Linda Harvey, who wrote the book “Not My Child: Contemporary Paganism & the New Spirituality,” has warned parents that teens’ growing obsession with magic and witchcraft is not kids’ stuff. It can lead to estrangement, depression, sexual experimentation, drug abuse and exploitation.

Kids who live in broken families or who suffer abuse are the ones most vulnerable to the lure of something – anything – that will give them more control.

“American children are the most privileged ever in the history of humanity, yet terribly troubled,” Ms. Harvey wrote. “Could some of these issues result from dining on the daily bread of spiritual confusion? Children are learning to welcome and embrace the darkness.”

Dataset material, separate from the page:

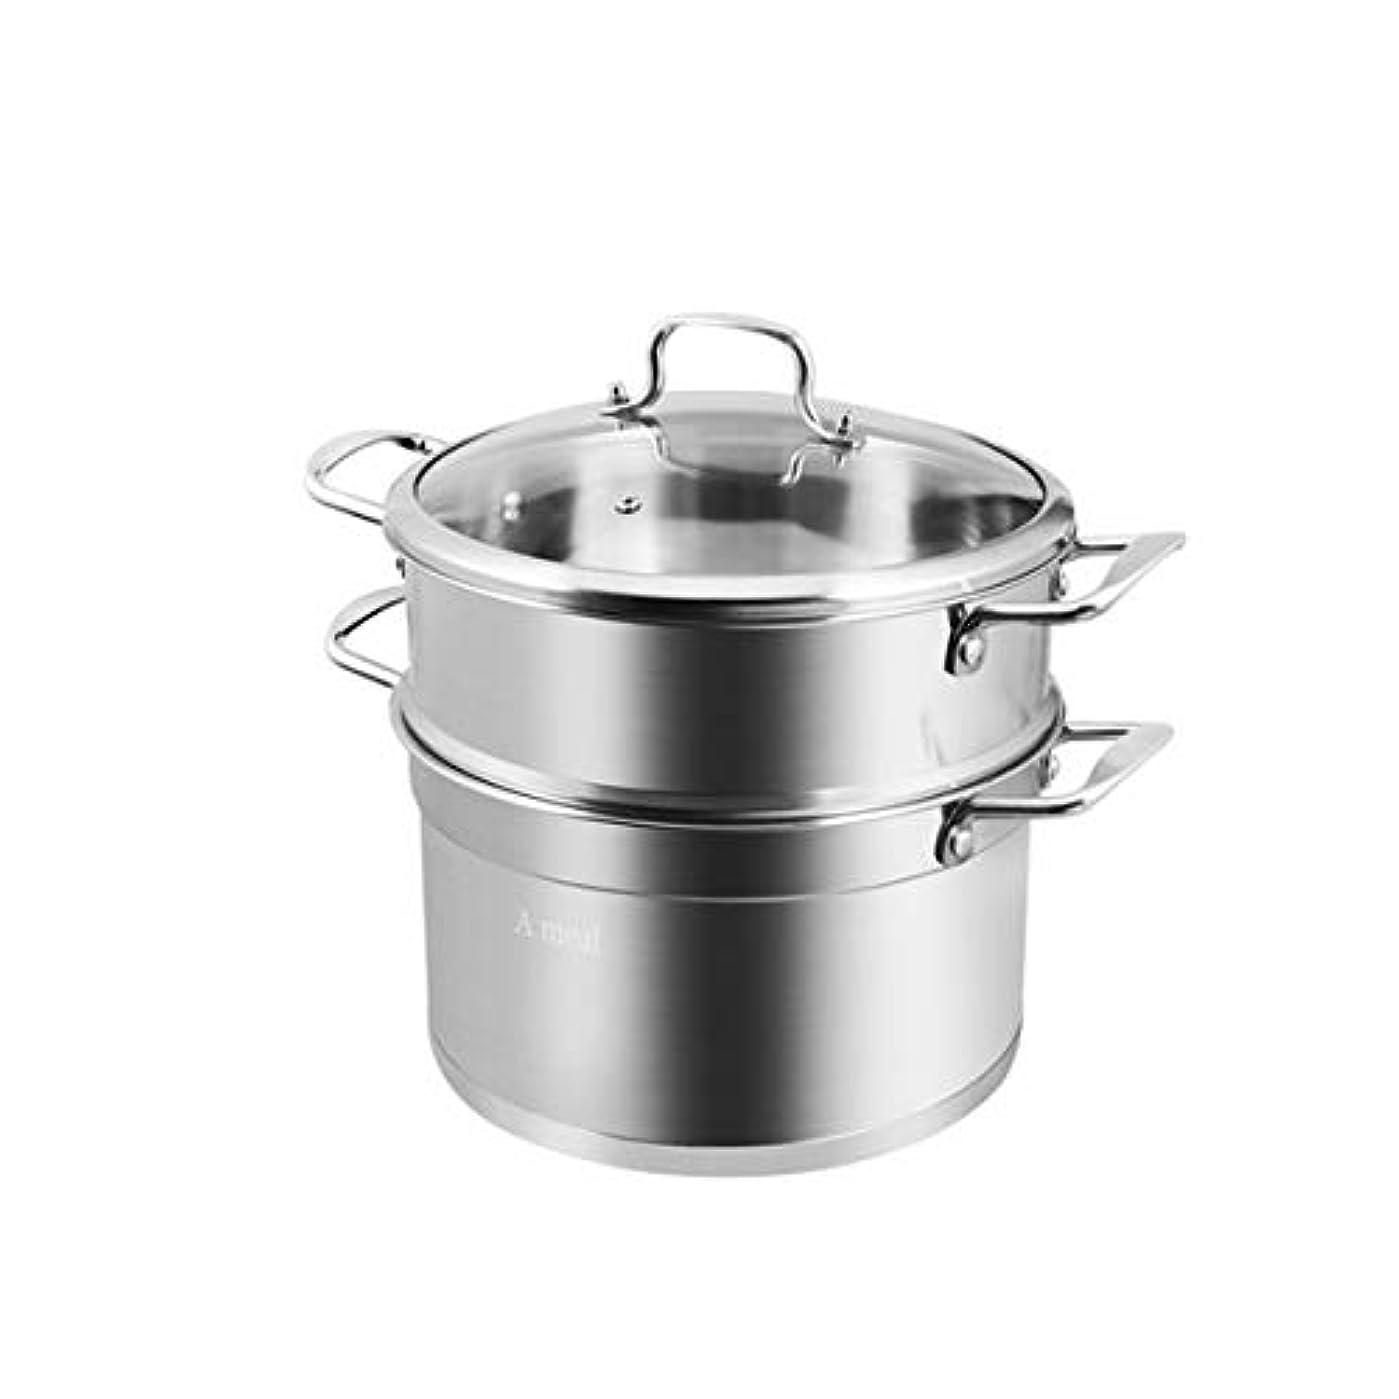 シュート言うまでもなく桁LIFANG 蒸し器、304ステンレス鋼、2層、増粘、蒸し器、家庭用、高品質、耐久性、シルバー (Color : Silver, Size : 28cm)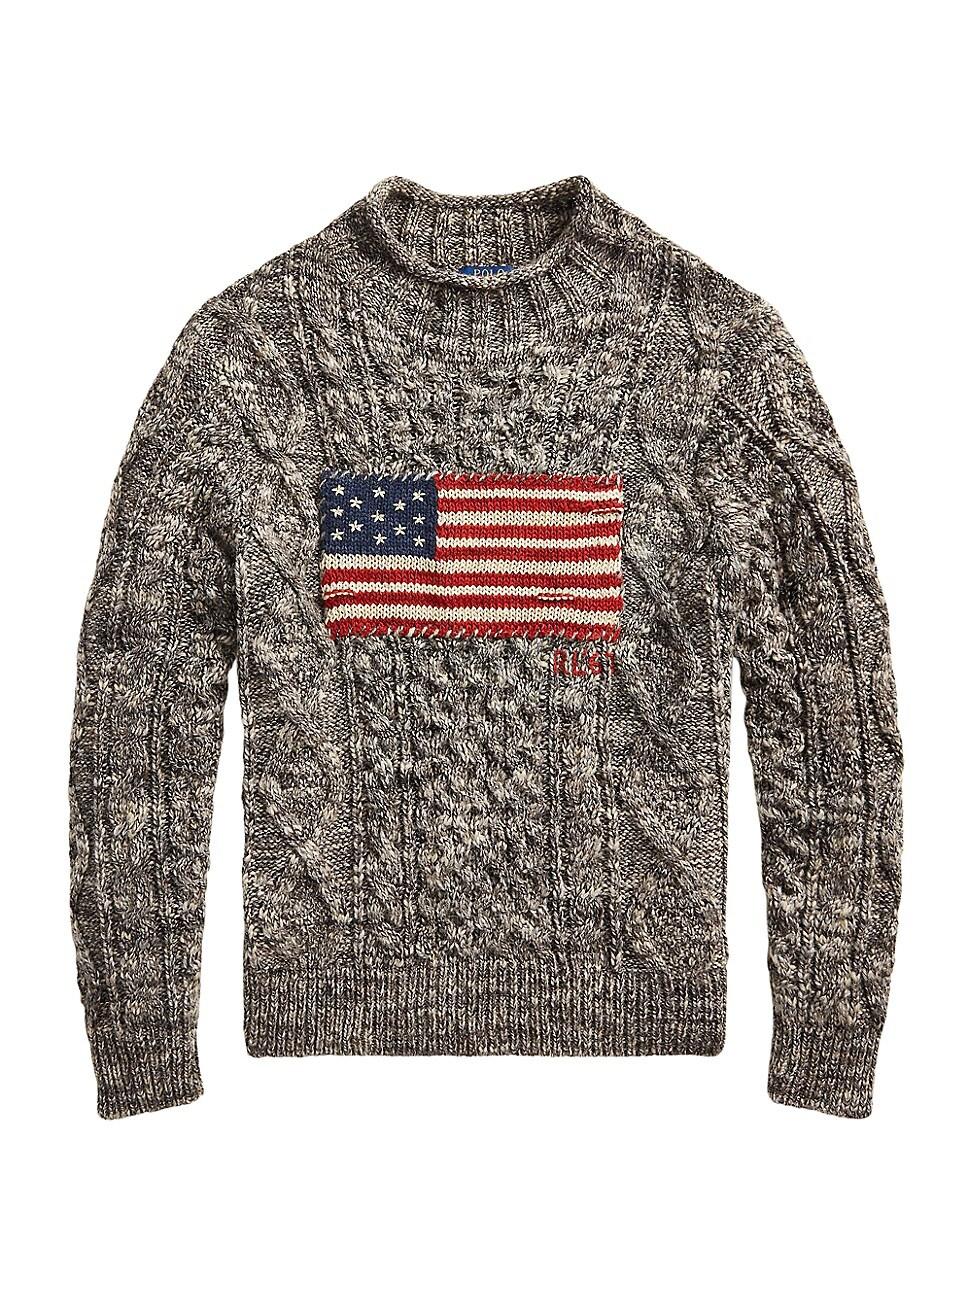 RALPH LAUREN MEN'S AMERICAN FLAG WOOL-BLEND SWEATER

Taylor Alesia, a Christian blogger who goes by the handle of @thebiblechick, has uploaded a series of videos directed at her fellow Gen Zers showing witches’ sites where girls are buying spells to manipulate other people. She also provides copious evidence of rap artists and other celebrities engaging in occultic practices.

As an antidote to all this, she shares Bible verses and gives the good news of the Gospel.

As for magic in the larger sense, it’s part of the miracle of life, a gift from God. It’s the wonder we experience upon seeing a beautiful sunset or hearing a baby’s laugh.

In “The Lion, the Witch and the Wardrobe,” C.S. Lewis’ Christ figure, the great lion Aslan, calls out the main villain over her boast about mastering magic. It’s a bit like Jesus rebuking the devil for having the gall to miscite Scripture as a way to tempt him in the desert (Matthew 4:10.)

Lewis makes the important distinction between the real, limitless magic of God’s handiwork and occultic attempts to abuse it:

“Do not cite the Deep Magic to me, Witch,” Aslan says. “I was there when it was written.”